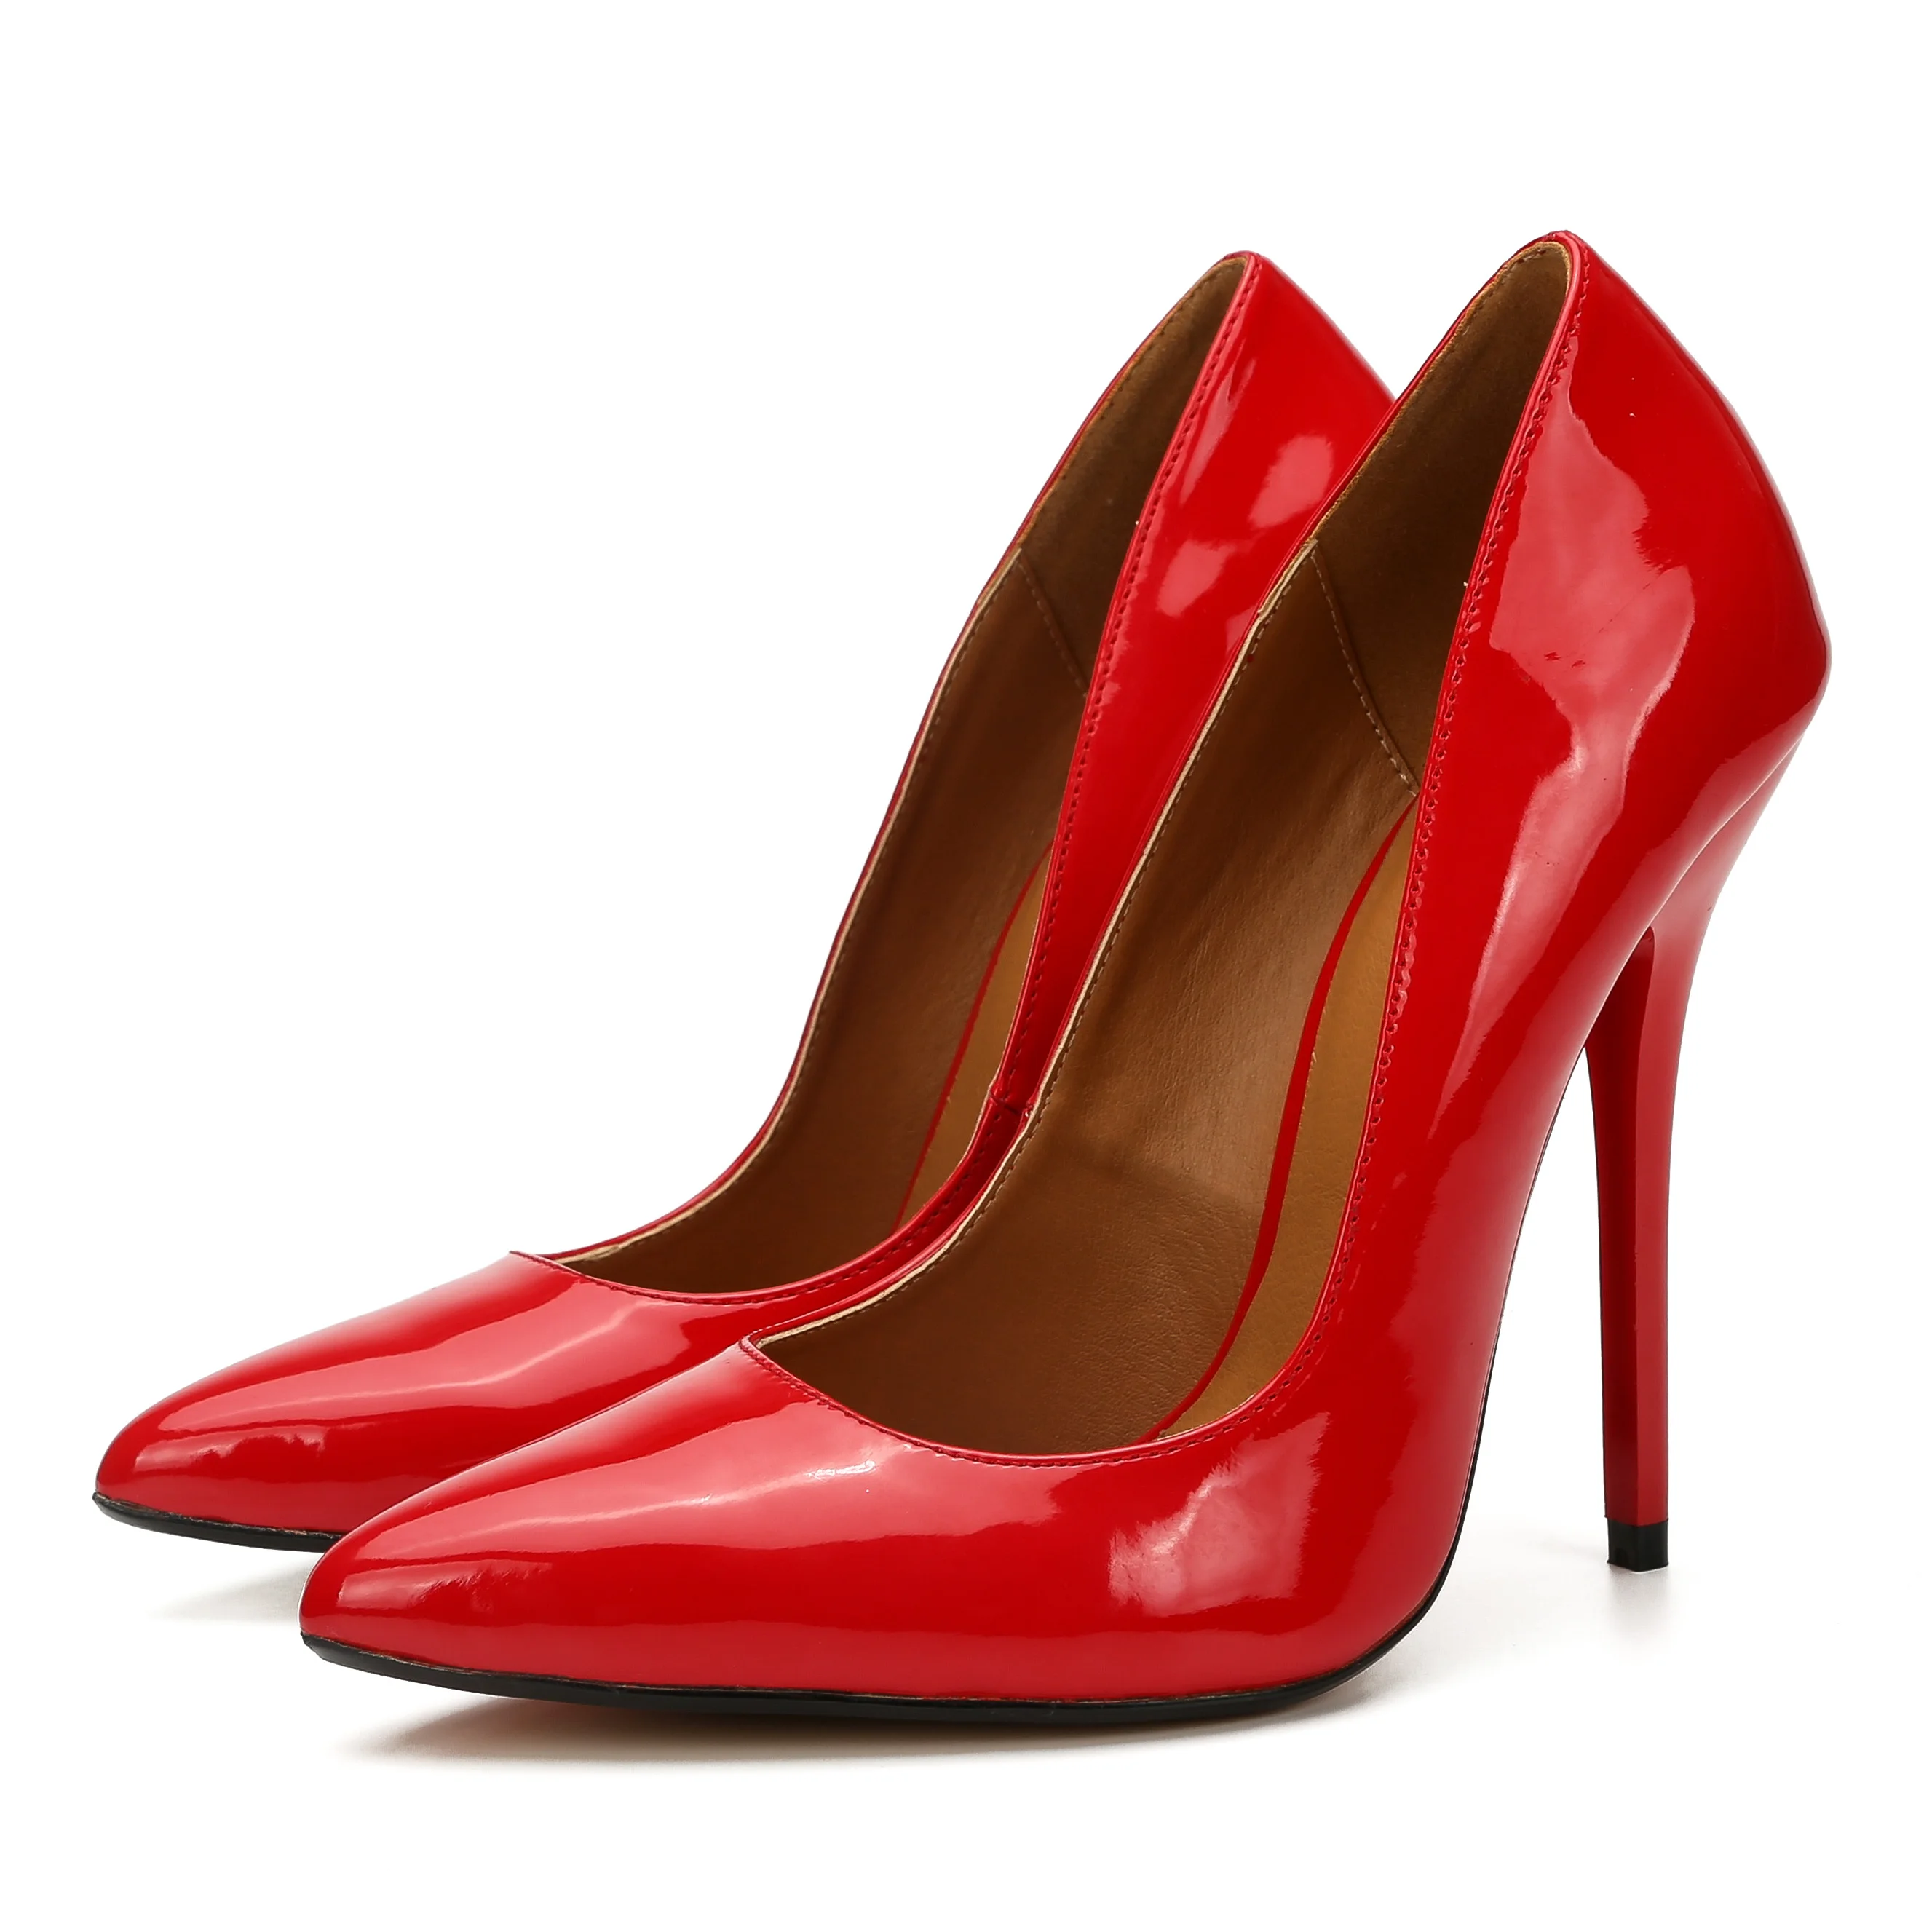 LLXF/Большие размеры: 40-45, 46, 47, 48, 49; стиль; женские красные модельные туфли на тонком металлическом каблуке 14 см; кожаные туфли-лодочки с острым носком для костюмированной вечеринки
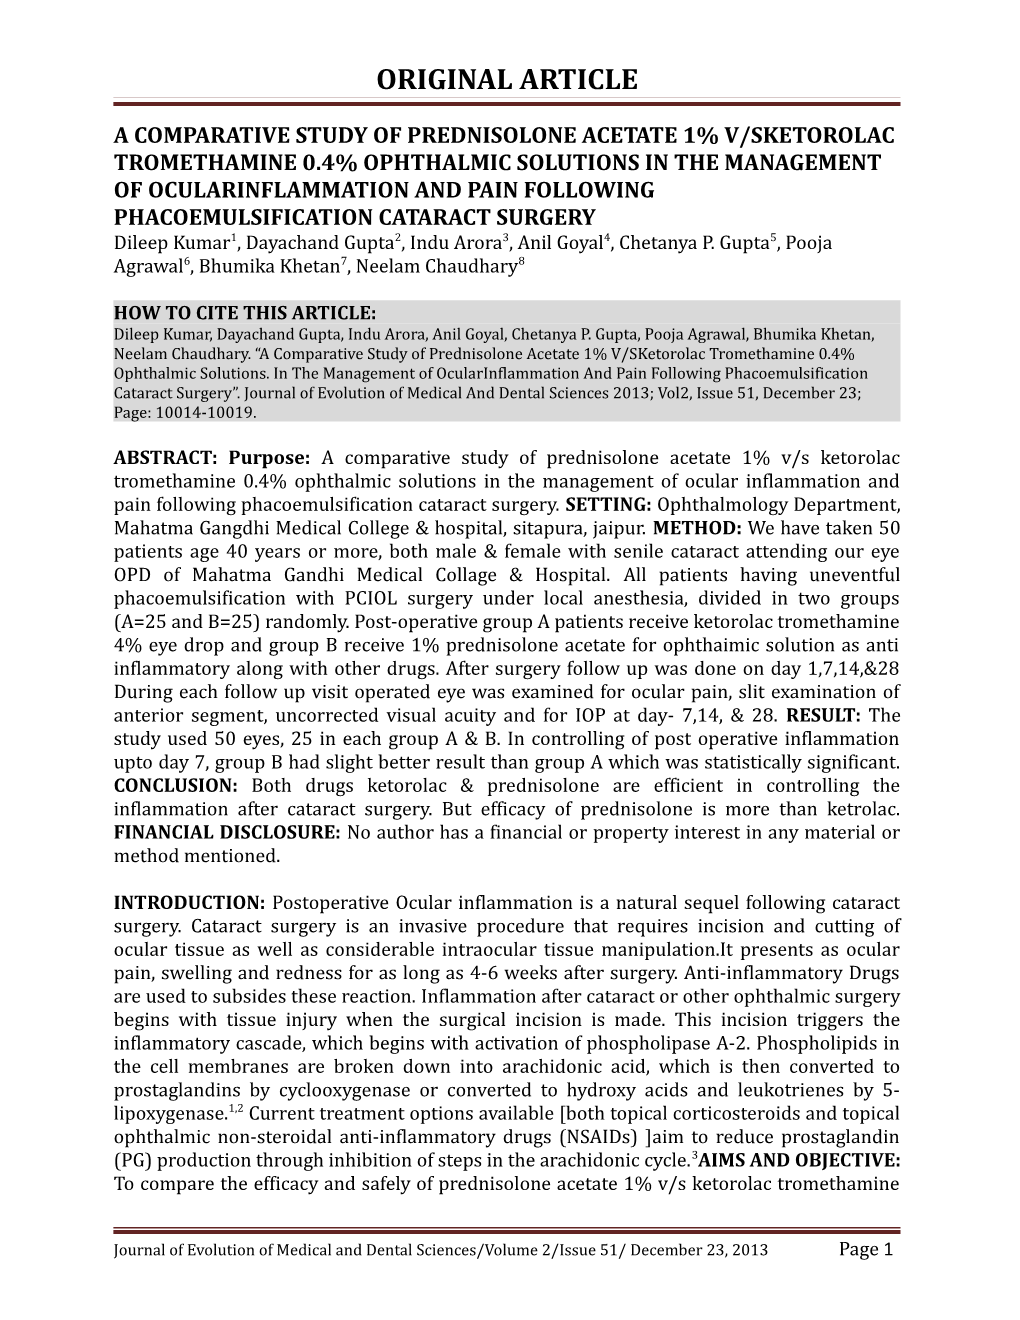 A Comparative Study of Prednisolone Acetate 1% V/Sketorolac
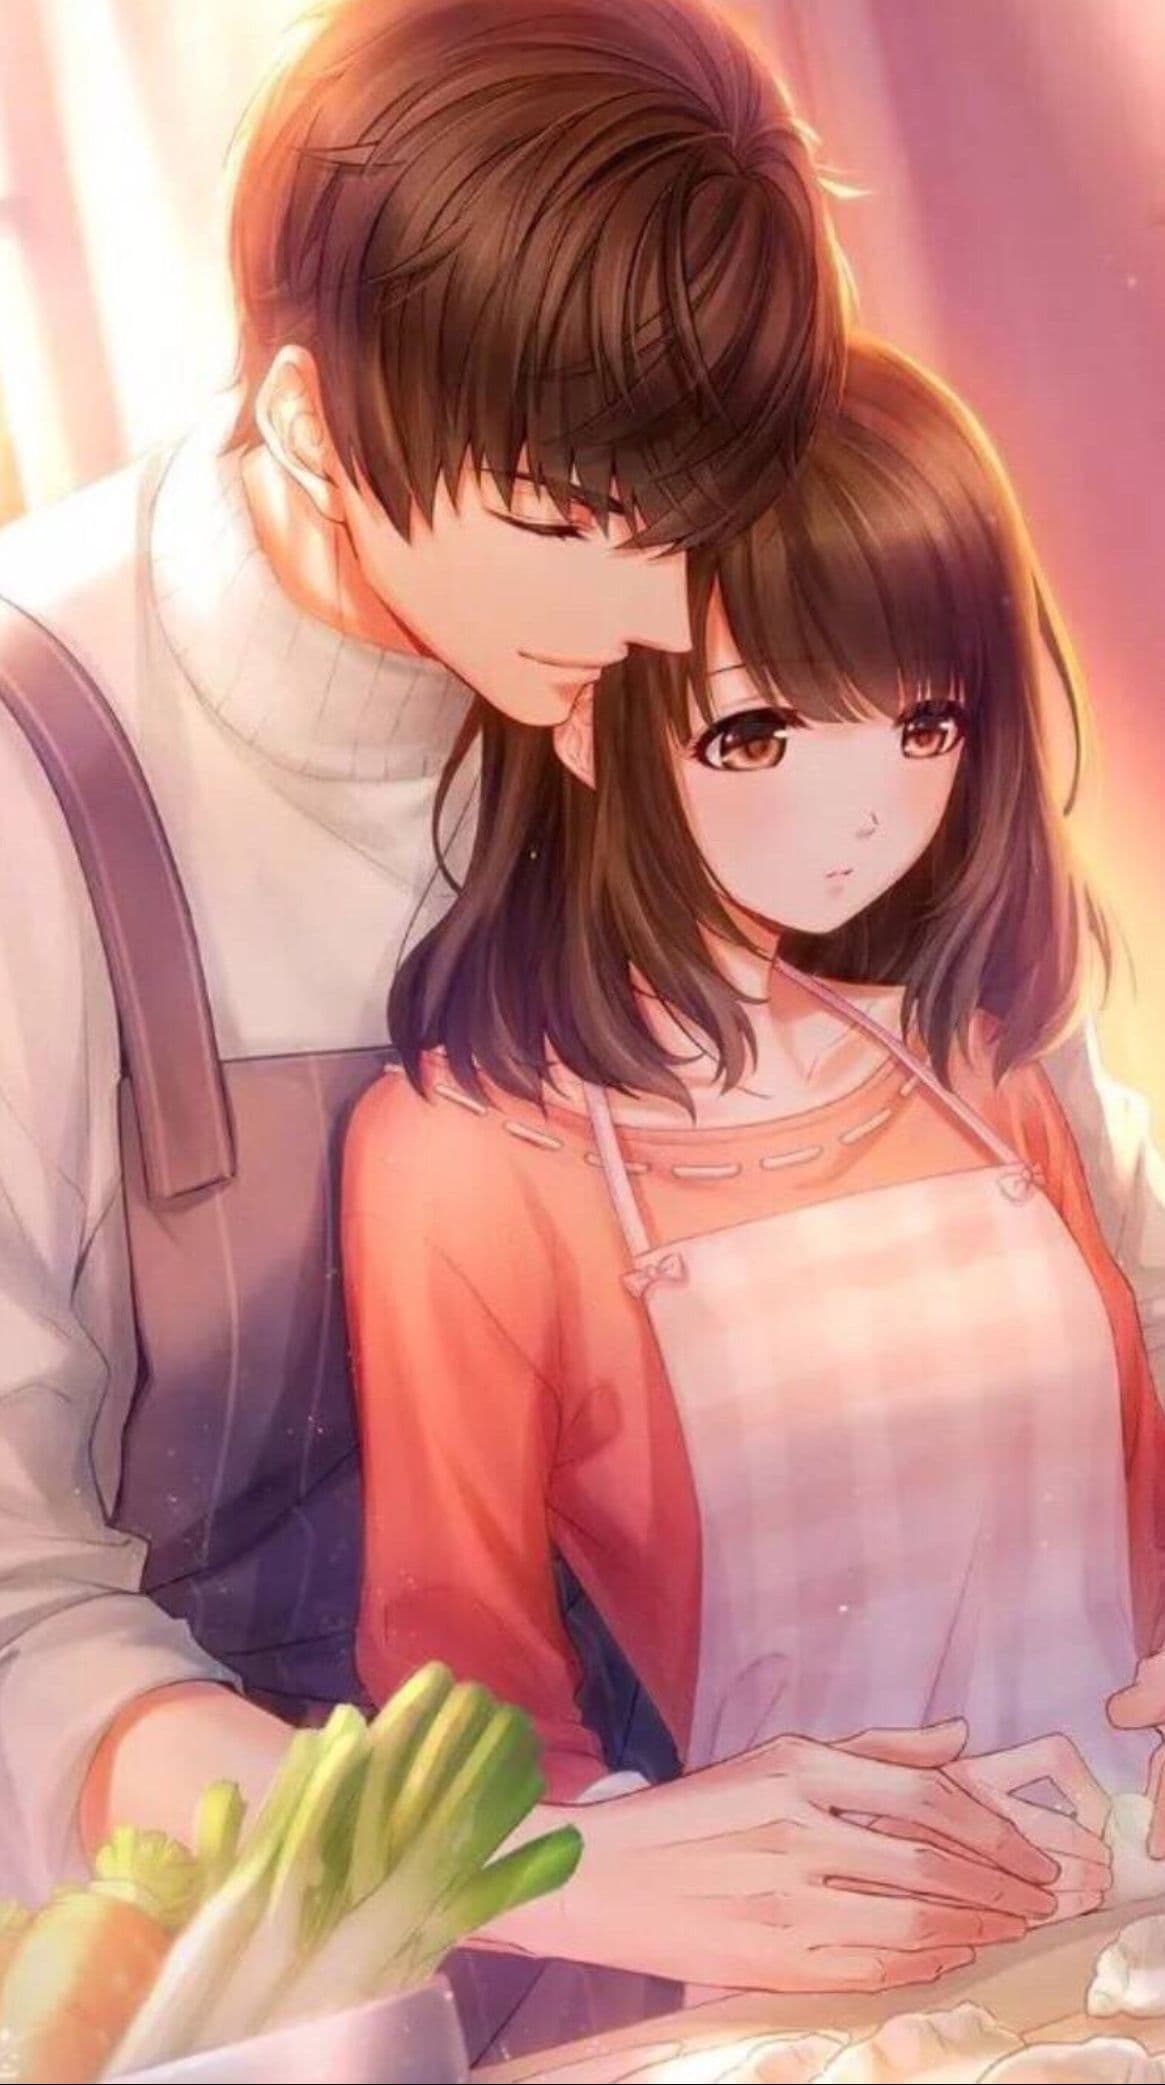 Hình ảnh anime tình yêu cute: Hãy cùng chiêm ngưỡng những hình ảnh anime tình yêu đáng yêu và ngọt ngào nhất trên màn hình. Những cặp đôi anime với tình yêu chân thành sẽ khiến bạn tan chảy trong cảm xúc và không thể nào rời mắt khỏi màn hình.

:: Work item ::
Reprint the listing above verbatim but drop the images.

:: Solution for this exercise ::
 LLXF/Большие размеры: 40-45, 46, 47, 48, 49; стиль; женские красные модельные туфли на тонком металлическом каблуке 14 см; кожаные туфли-лодочки с острым носком для костюмированной вечеринки
 A Comparative Study of Prednisolone Acetate 1% V/Sketorolac
 Hình ảnh anime tình yêu cute: Hãy cùng chiêm ngưỡng những hình ảnh anime tình yêu đáng yêu và ngọt ngào nhất trên màn hình. Những cặp đôi anime với tình yêu chân thành sẽ khiến bạn tan chảy trong cảm xúc và không thể nào rời mắt khỏi màn hình.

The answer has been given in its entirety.